How to complete this task >>
Please output the line containing "Retrato de una" and all lines that follow it in the data below, exactly, with no pictures.

Input data >>
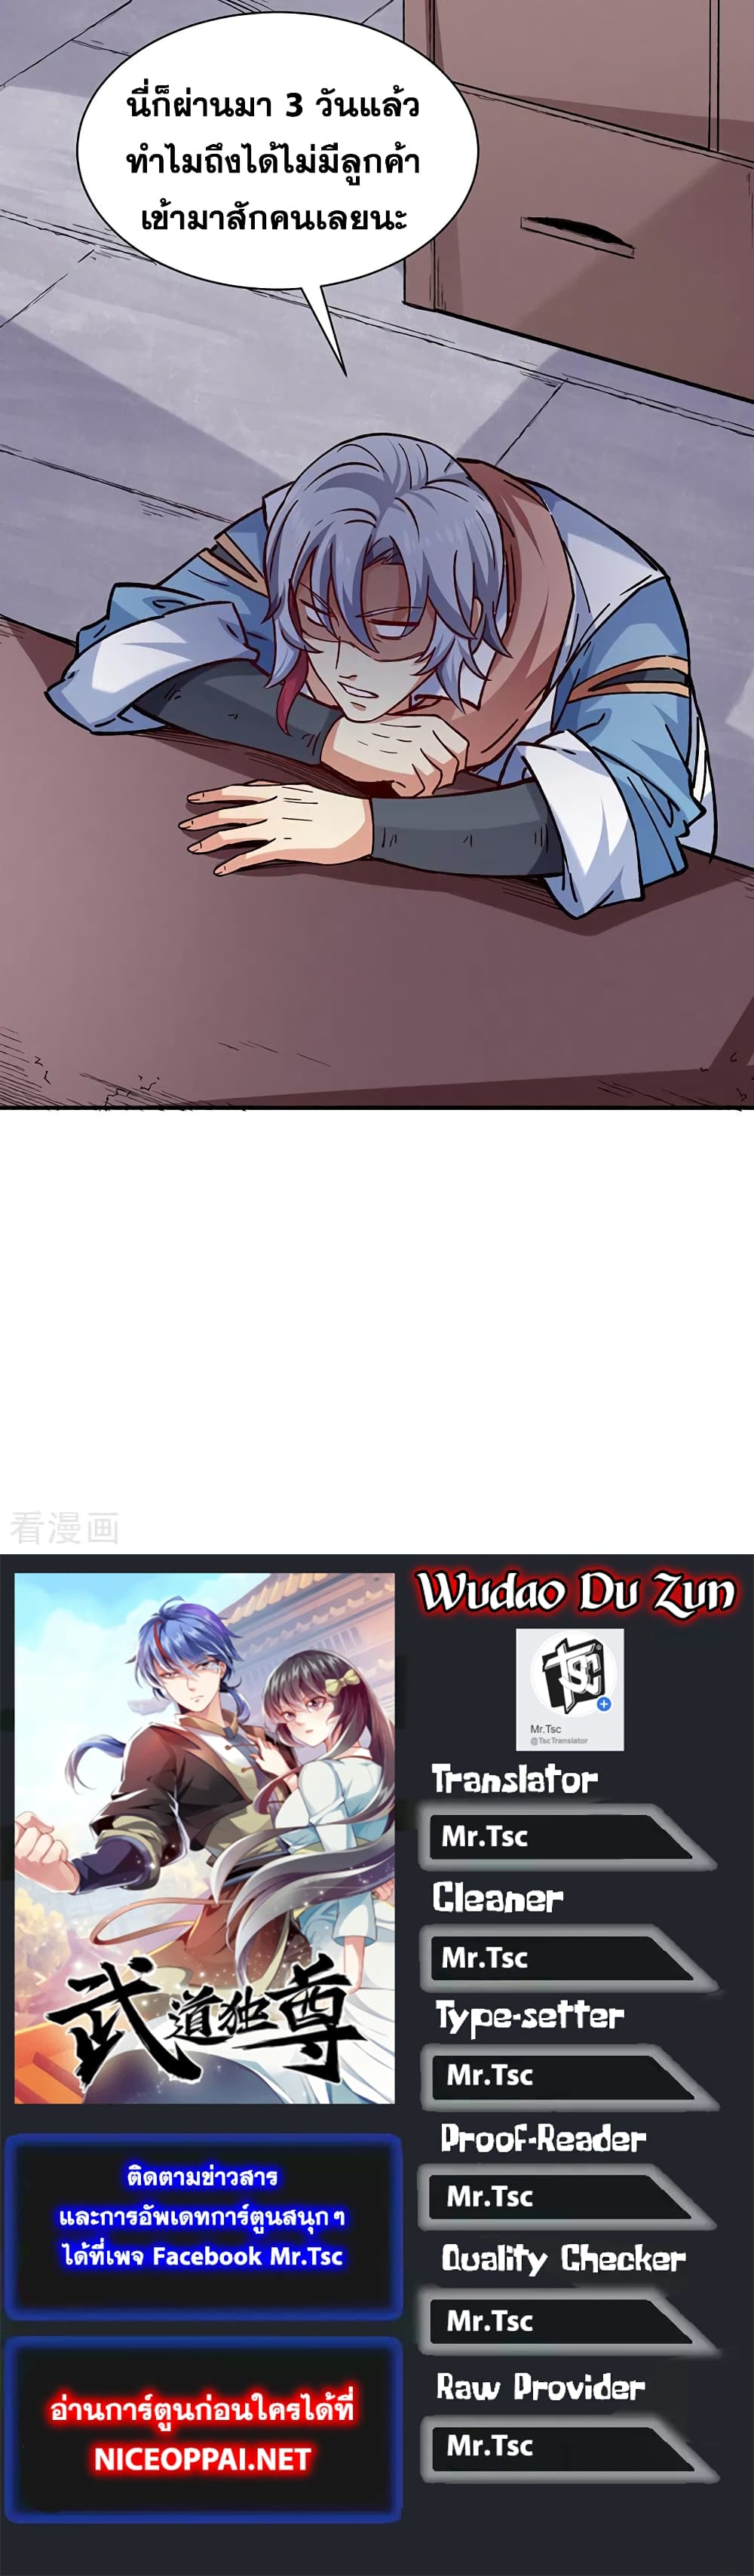 WuDao Du Zun 310-310
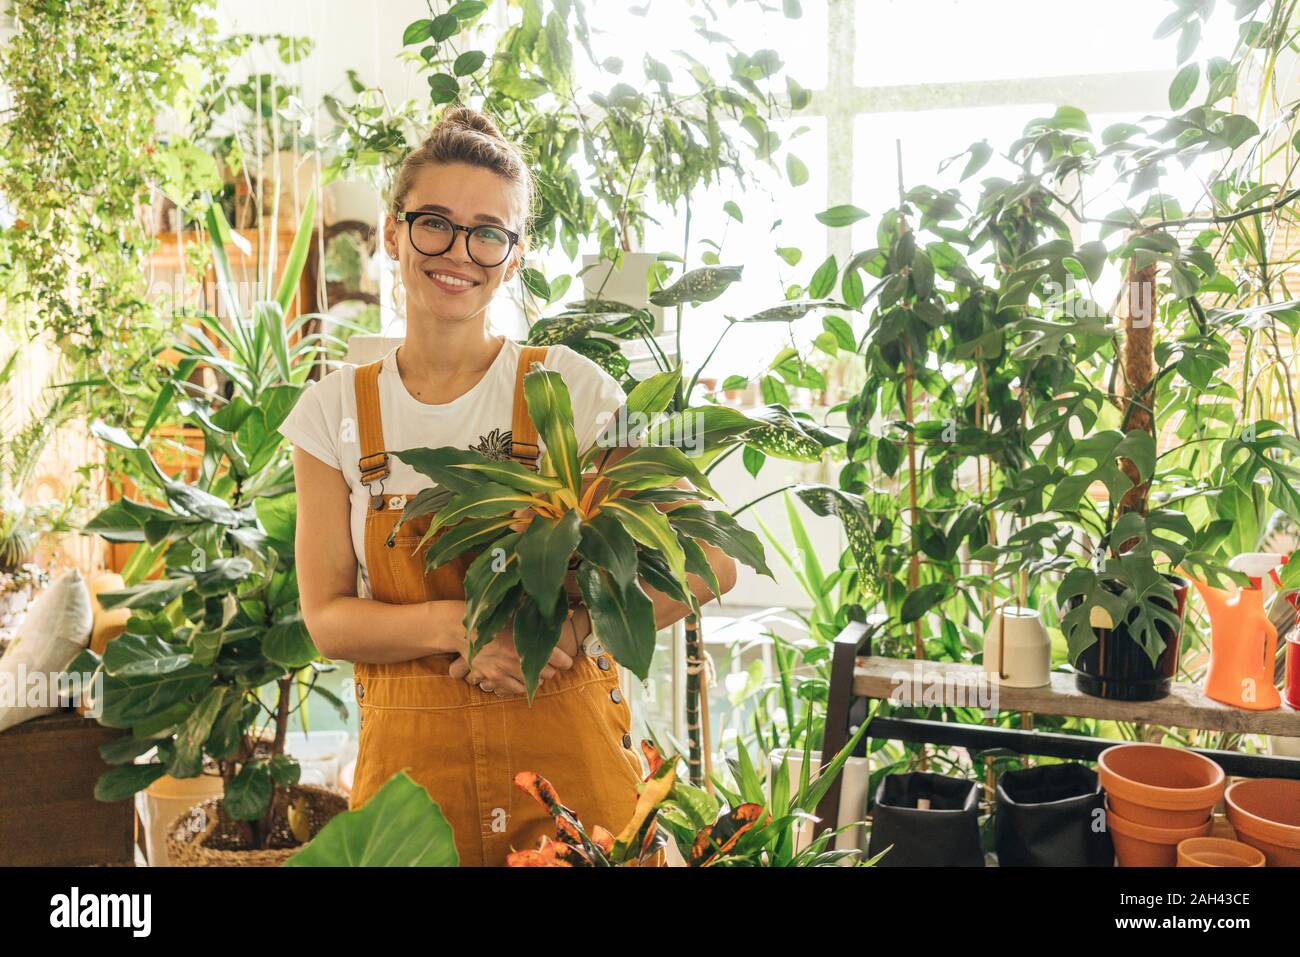 Retrato de una mujer sonriente sosteniendo una planta en una pequeña tienda de jardinería Foto de stock
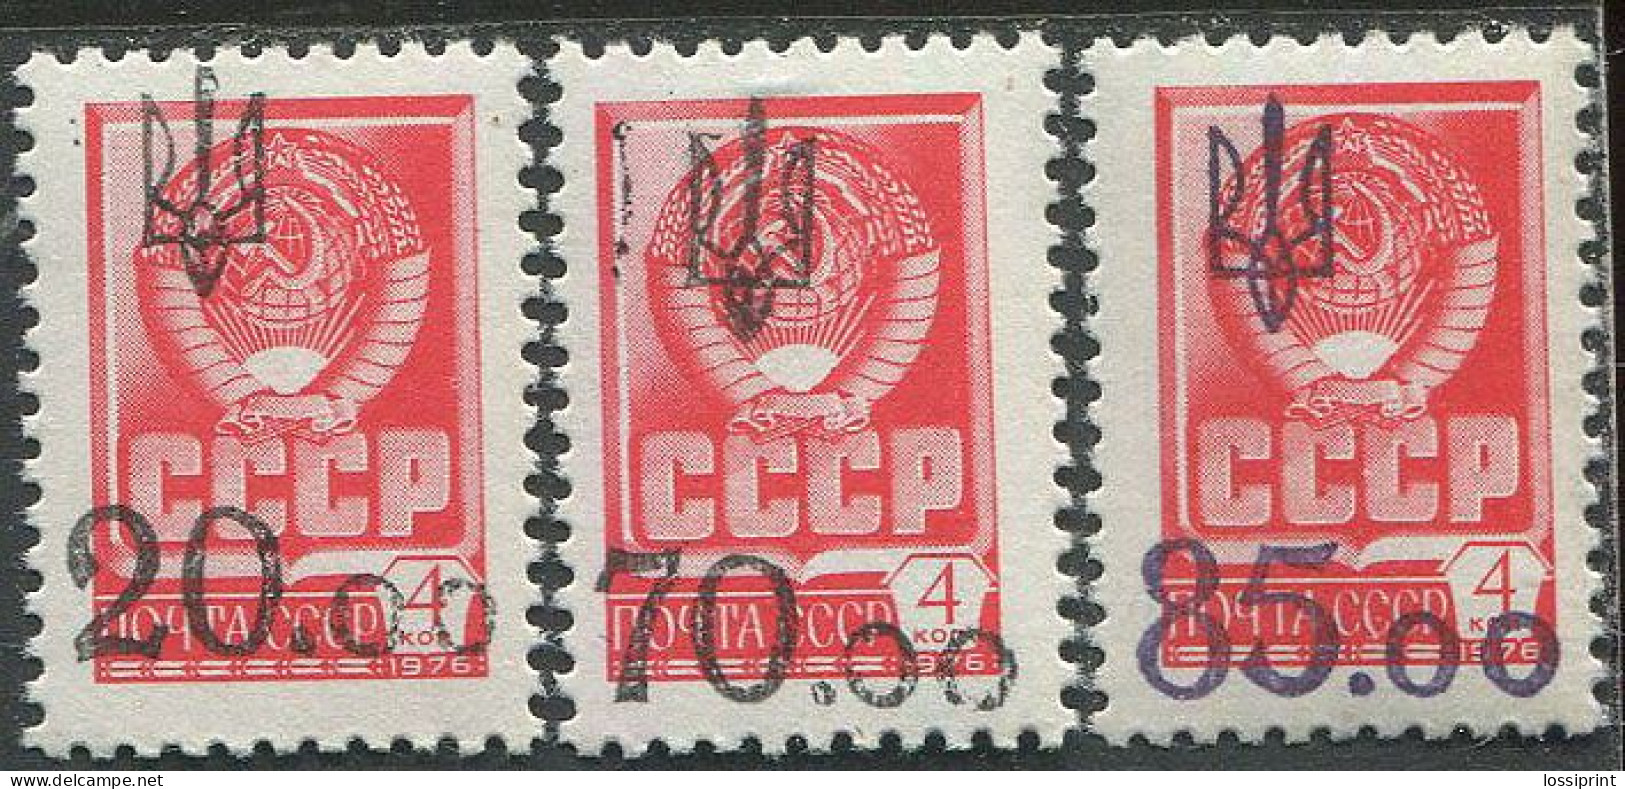 Ukraina:Ukraine:Unused Overprinted Stamps, Poltava, Probably 1993, MNH - Ukraine

Solution for this task >>
 Retrato de una mujer sonriente sosteniendo una planta en una pequeña tienda de jardinería Foto de stock
 Ukraina:Ukraine:Unused Overprinted Stamps, Poltava, Probably 1993, MNH - Ukraine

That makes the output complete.